Adversarial attacks are a major deterrent towards the reliable use of machine learning models. A powerful type of adversarial attacks is the patch-based attack, wherein the adversarial perturbations modify localized patches or specific areas within the images to deceive the trained machine learning model. In this paper, we introduce Outlier Detection and Dimension Reduction (ODDR), a holistic defense mechanism designed to effectively mitigate patch-based adversarial attacks. In our approach, we posit that input features corresponding to adversarial patches, whether naturalistic or otherwise, deviate from the inherent distribution of the remaining image sample and can be identified as outliers or anomalies. ODDR employs a three-stage pipeline: Fragmentation, Segregation, and Neutralization, providing a model-agnostic solution applicable to both image classification and object detection tasks. The Fragmentation stage parses the samples into chunks for the subsequent Segregation process. Here, outlier detection techniques identify and segregate the anomalous features associated with adversarial perturbations. The Neutralization stage utilizes dimension reduction methods on the outliers to mitigate the impact of adversarial perturbations without sacrificing pertinent information necessary for the machine learning task. Extensive testing on benchmark datasets and state-of-the-art adversarial patches demonstrates the effectiveness of ODDR. Results indicate robust accuracies matching and lying within a small range of clean accuracies (1%-3% for classification and 3%-5% for object detection), with only a marginal compromise of 1%-2% in performance on clean samples, thereby significantly outperforming other defenses.

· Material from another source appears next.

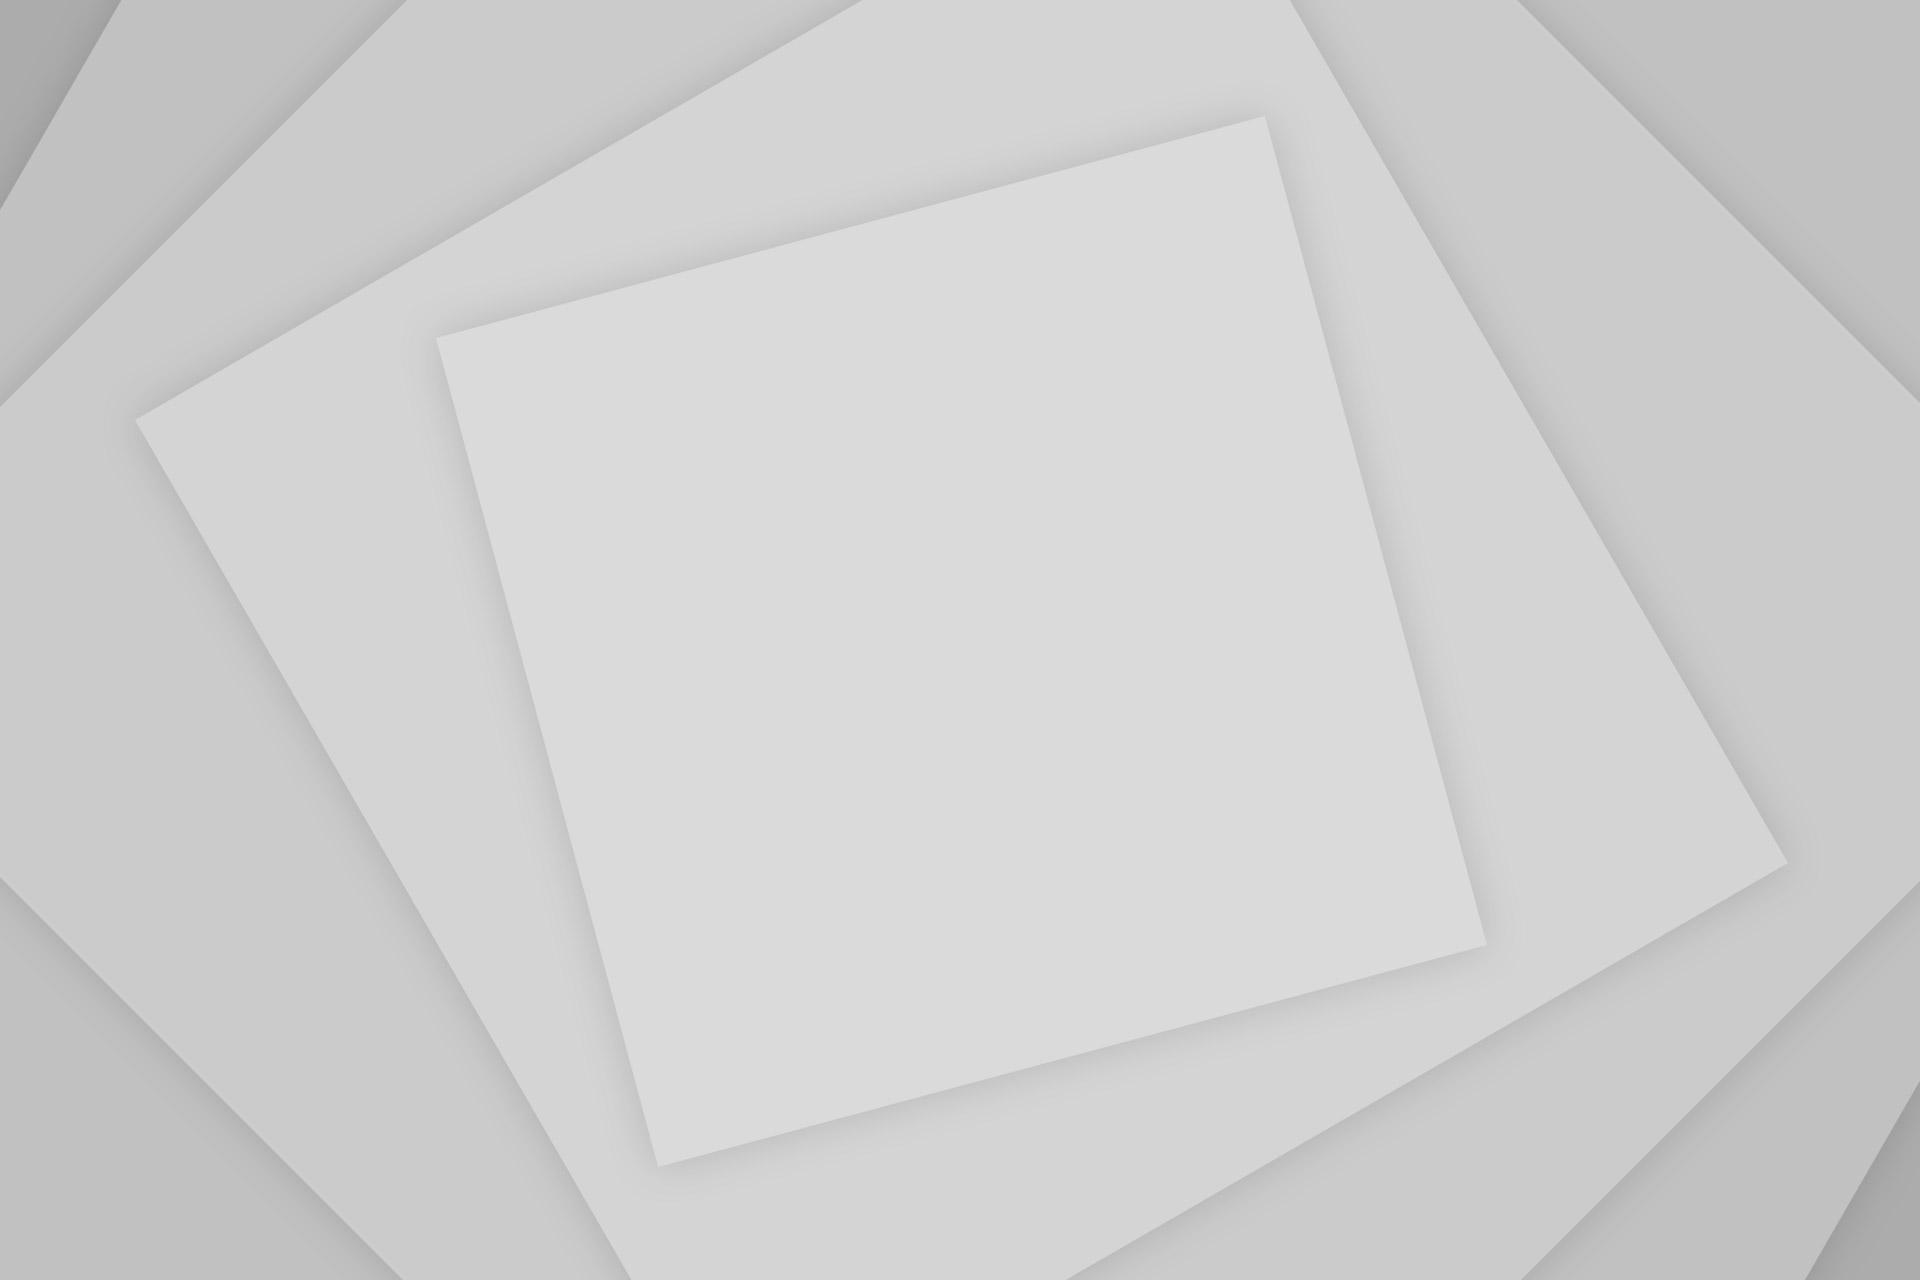 <iframe src='http://www.criticalcommons.org/Members/sammondn/clips/duck-amuck/embed_view' frameborder='0' width='630' height='460' allowfullscreen></iframe>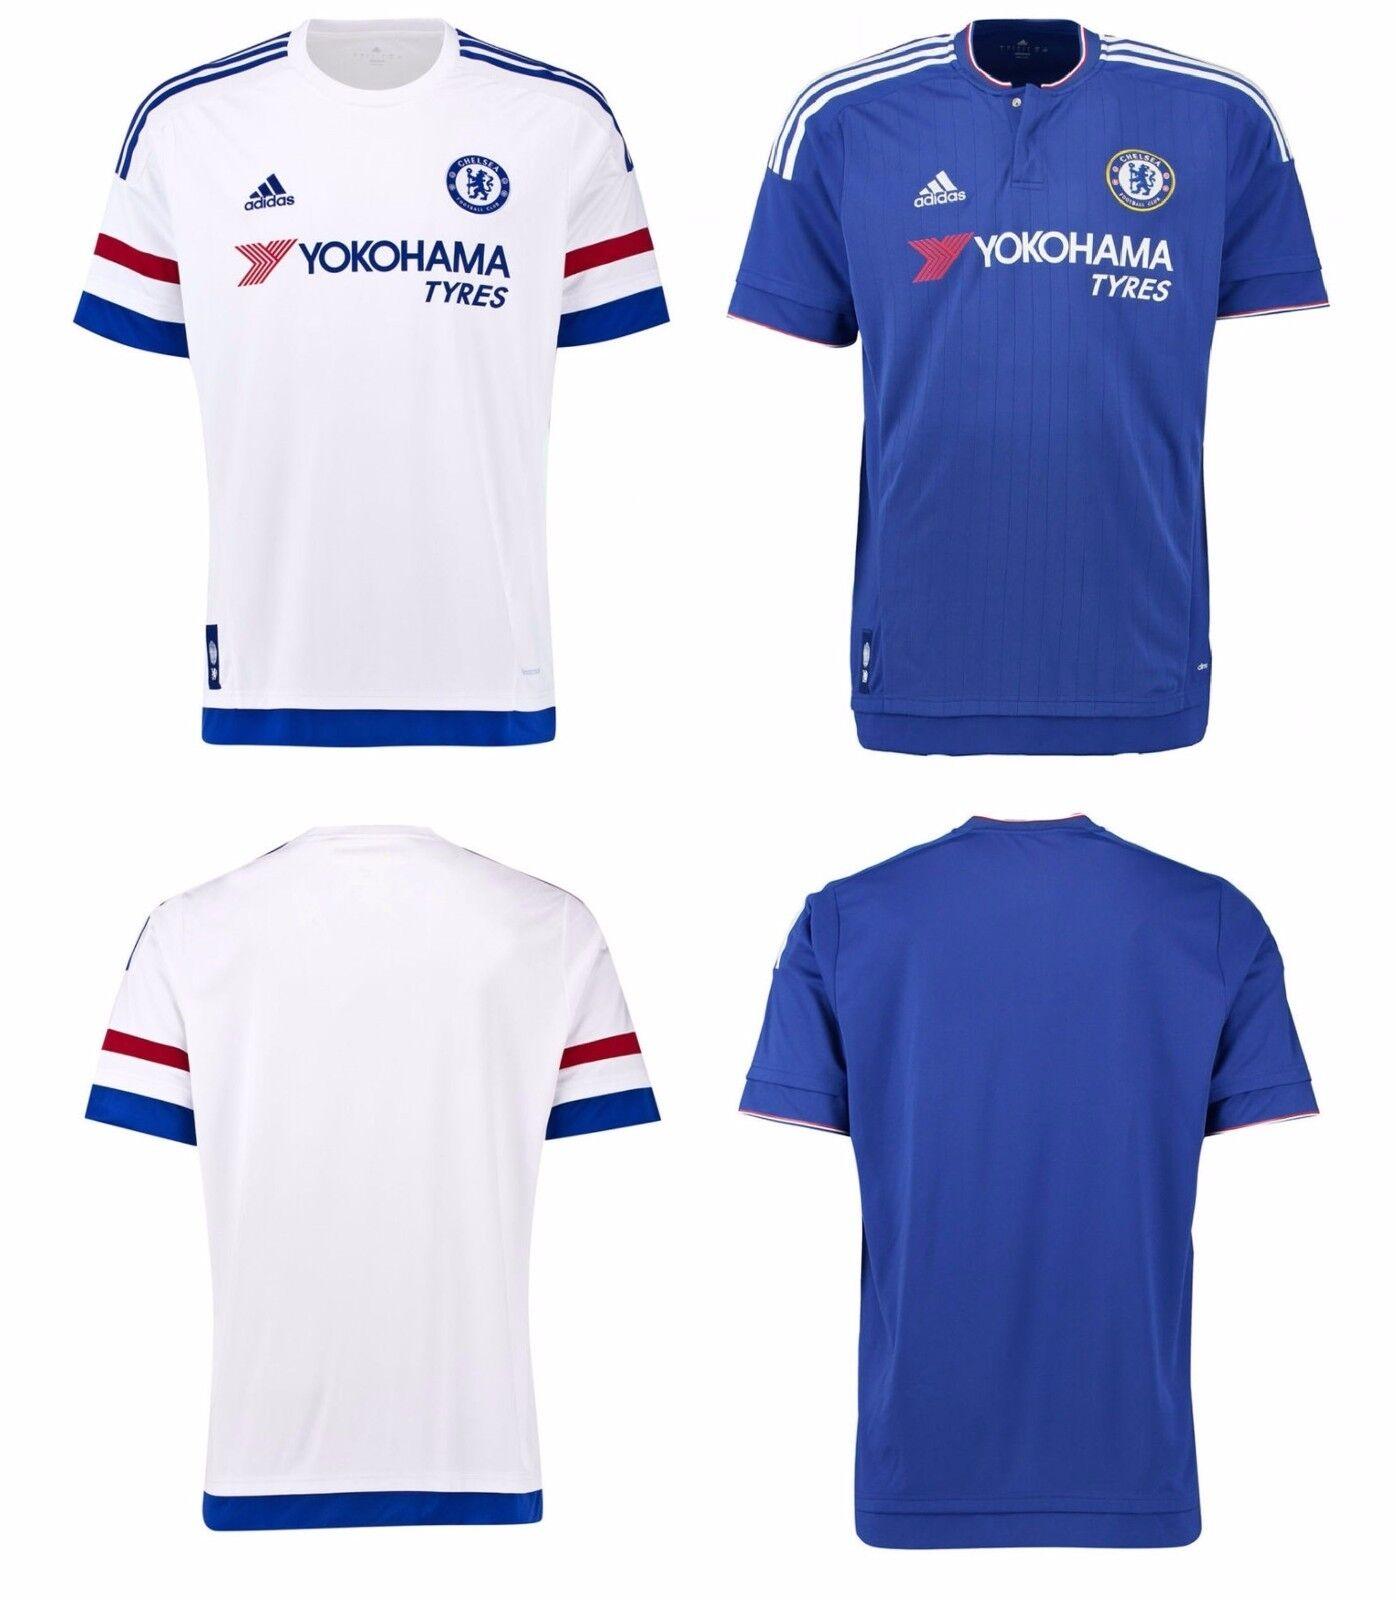 huge discount 1594b bcf8e Retro Chelsea Shirts Ebay | Azərbaycan Dillər Universiteti

翻译：对抗性攻击是机器学习模型可靠使用的主要障碍。其中一种强大的攻击类型是基于补丁的攻击，通过修改图像中的局部补丁或特定区域来欺骗训练好的机器学习模型。本文提出了一种整体防御机制——异常检测与降维（ODDR），旨在有效缓解基于补丁的对抗性攻击。在该方法中，我们假设与对抗性补丁对应的输入特征（无论是自然形态还是其他形态）会偏离剩余图像样本的固有分布，并可被识别为离群值或异常值。ODDR采用三阶段流水线：碎片化、分离与中和，提供了一种与模型无关的解决方案，适用于图像分类和目标检测任务。碎片化阶段将样本解析为若干片段，以供后续分离过程使用；在该过程中，异常检测技术识别并分离与对抗性扰动相关的异常特征。中和阶段利用降维方法处理异常特征，以减轻对抗性扰动的影响，同时保留机器学习任务所需的关键信息。在基准数据集和现有最优对抗性补丁上的大量测试表明了ODDR的有效性。结果表明，其鲁棒准确率与干净样本准确率相当且波动范围较小（分类任务为1%-3%，目标检测任务为3%-5%），仅在干净样本上的性能损失1%-2%，显著优于其他防御方法。